Supplied data:
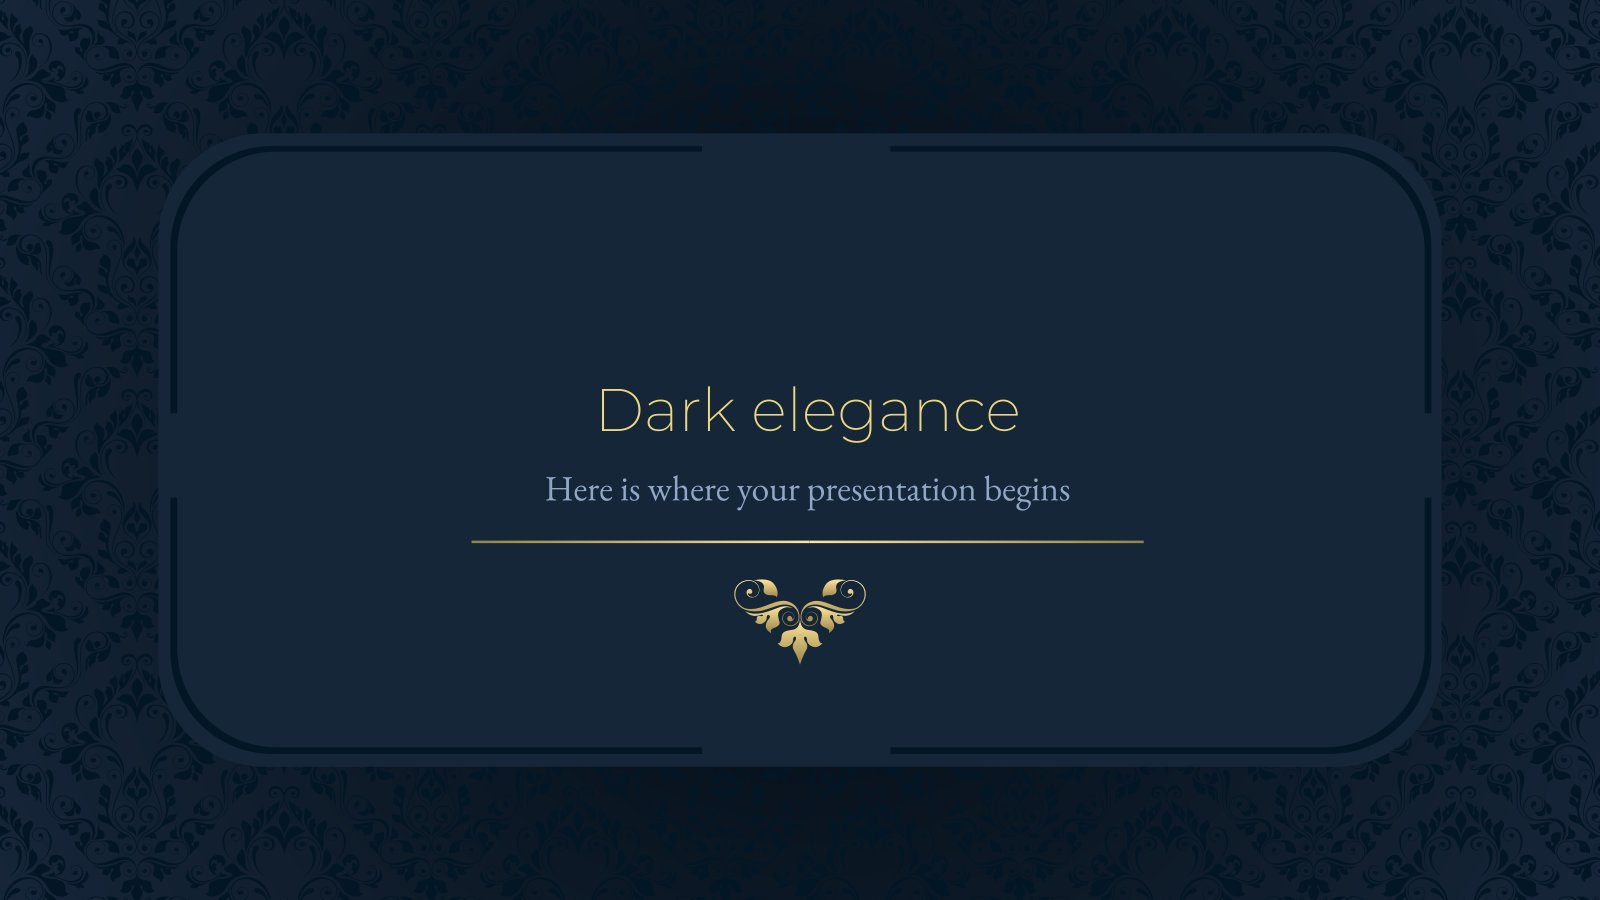 Plantilla de presentación Elegancia oscura
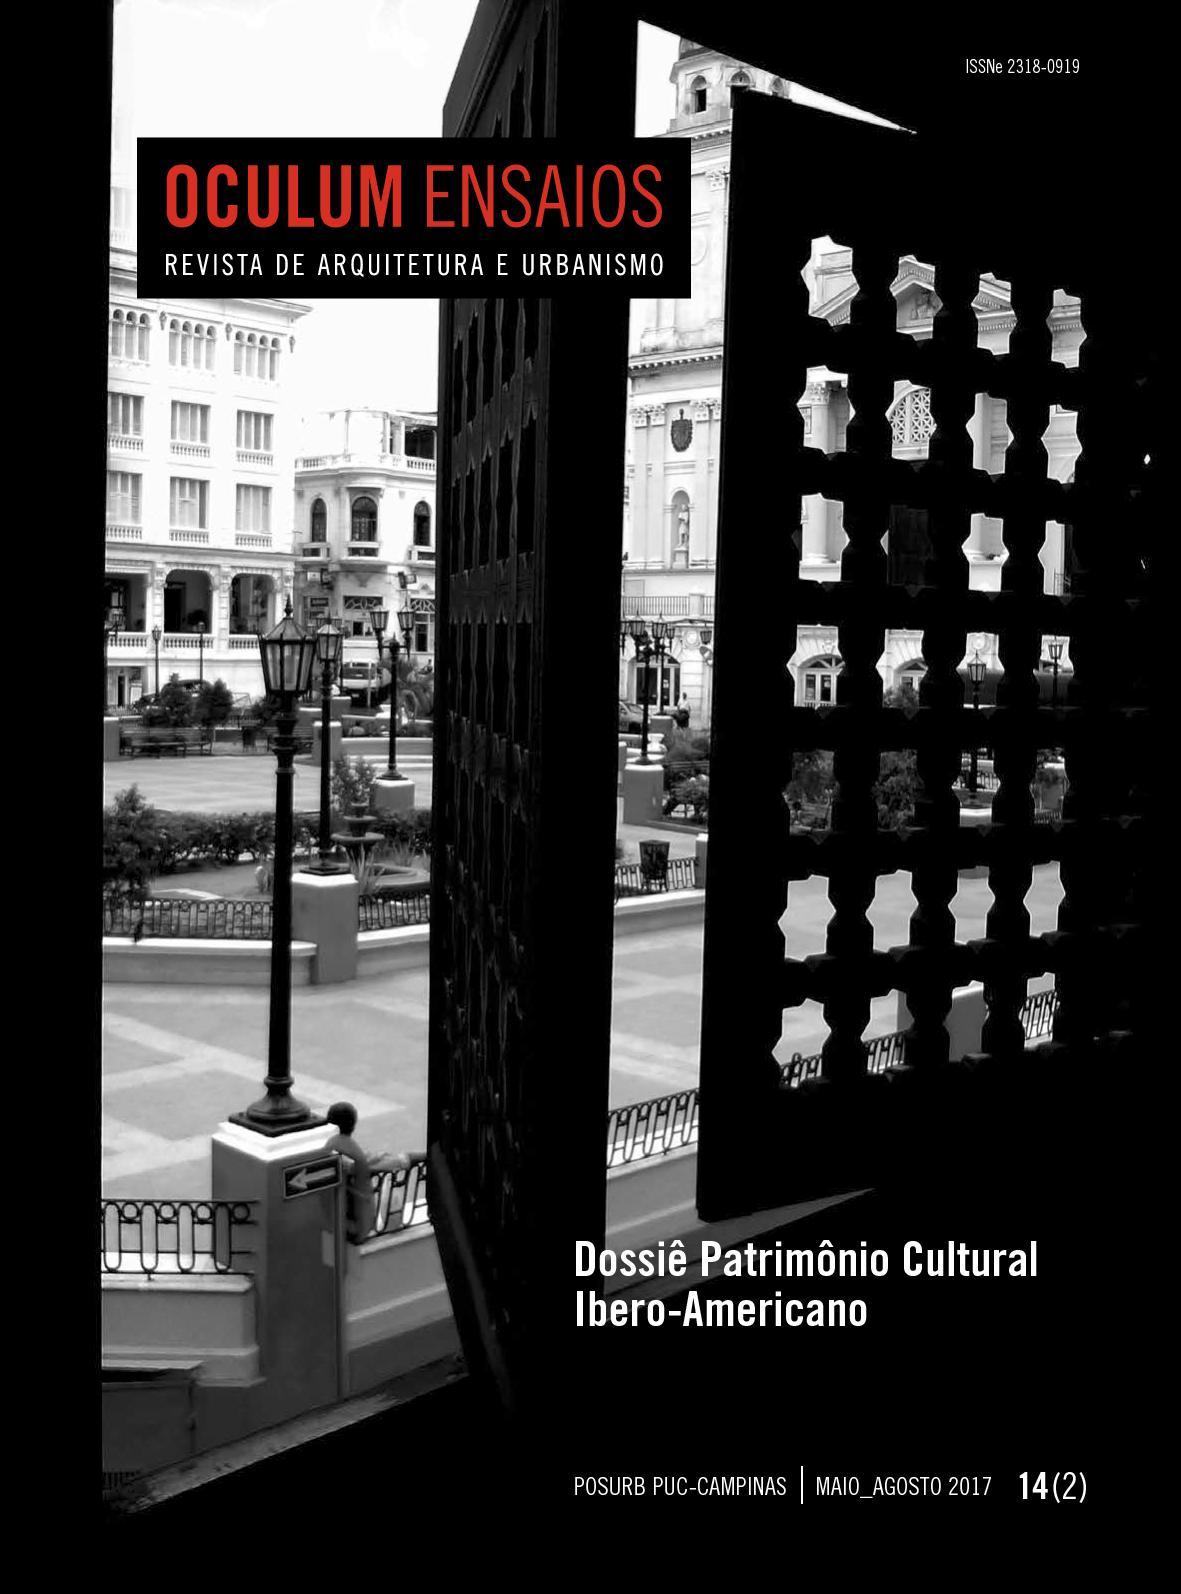 Calaméo - Oculum N 14 - Dossiê Patrimônio Cultural Ibero-Americano -  Arquitetura e Urbanismo 3f3460bdf7
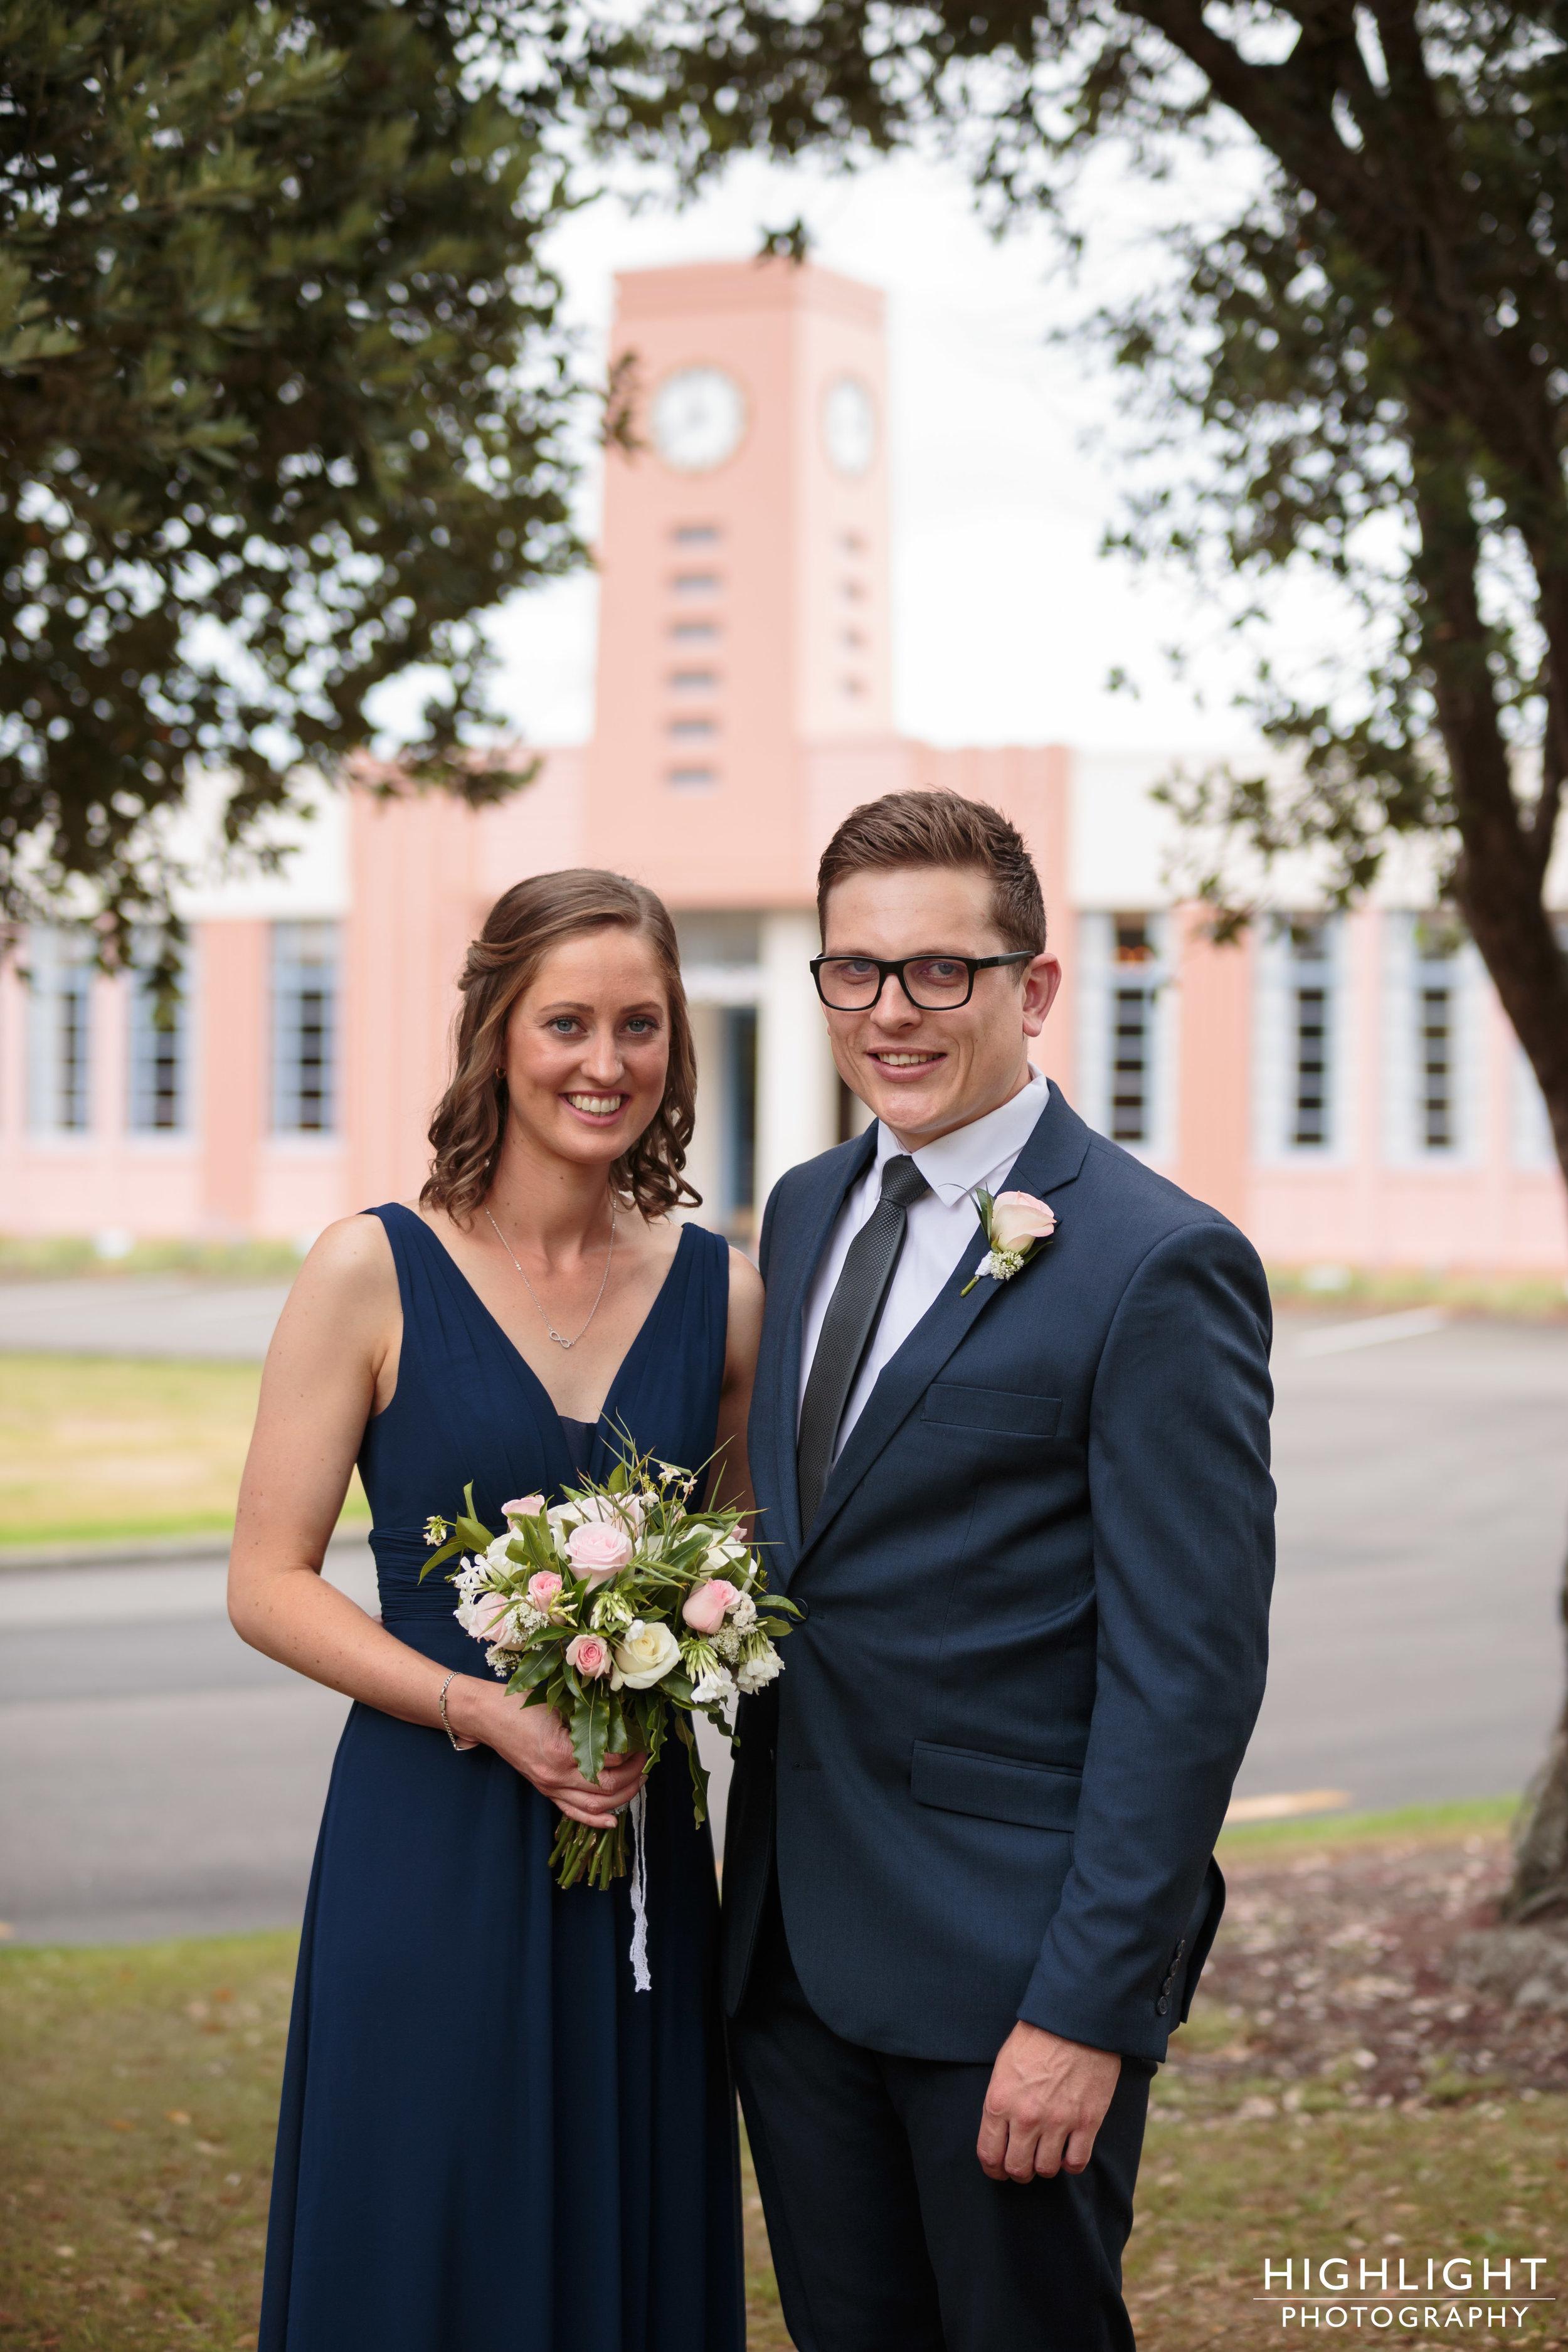 JM-2017-Highlight-wedding-photography-palmerston-north-new-zealand-102.jpg

Exercise description: Leave the pictures out and print the whole listing precisely.

Response to the exercise:
 Plantilla de presentación Elegancia oscura
 Calaméo - Oculum N 14 - Dossiê Patrimônio Cultural Ibero-Americano -  Arquitetura e Urbanismo 3f3460bdf7
 JM-2017-Highlight-wedding-photography-palmerston-north-new-zealand-102.jpg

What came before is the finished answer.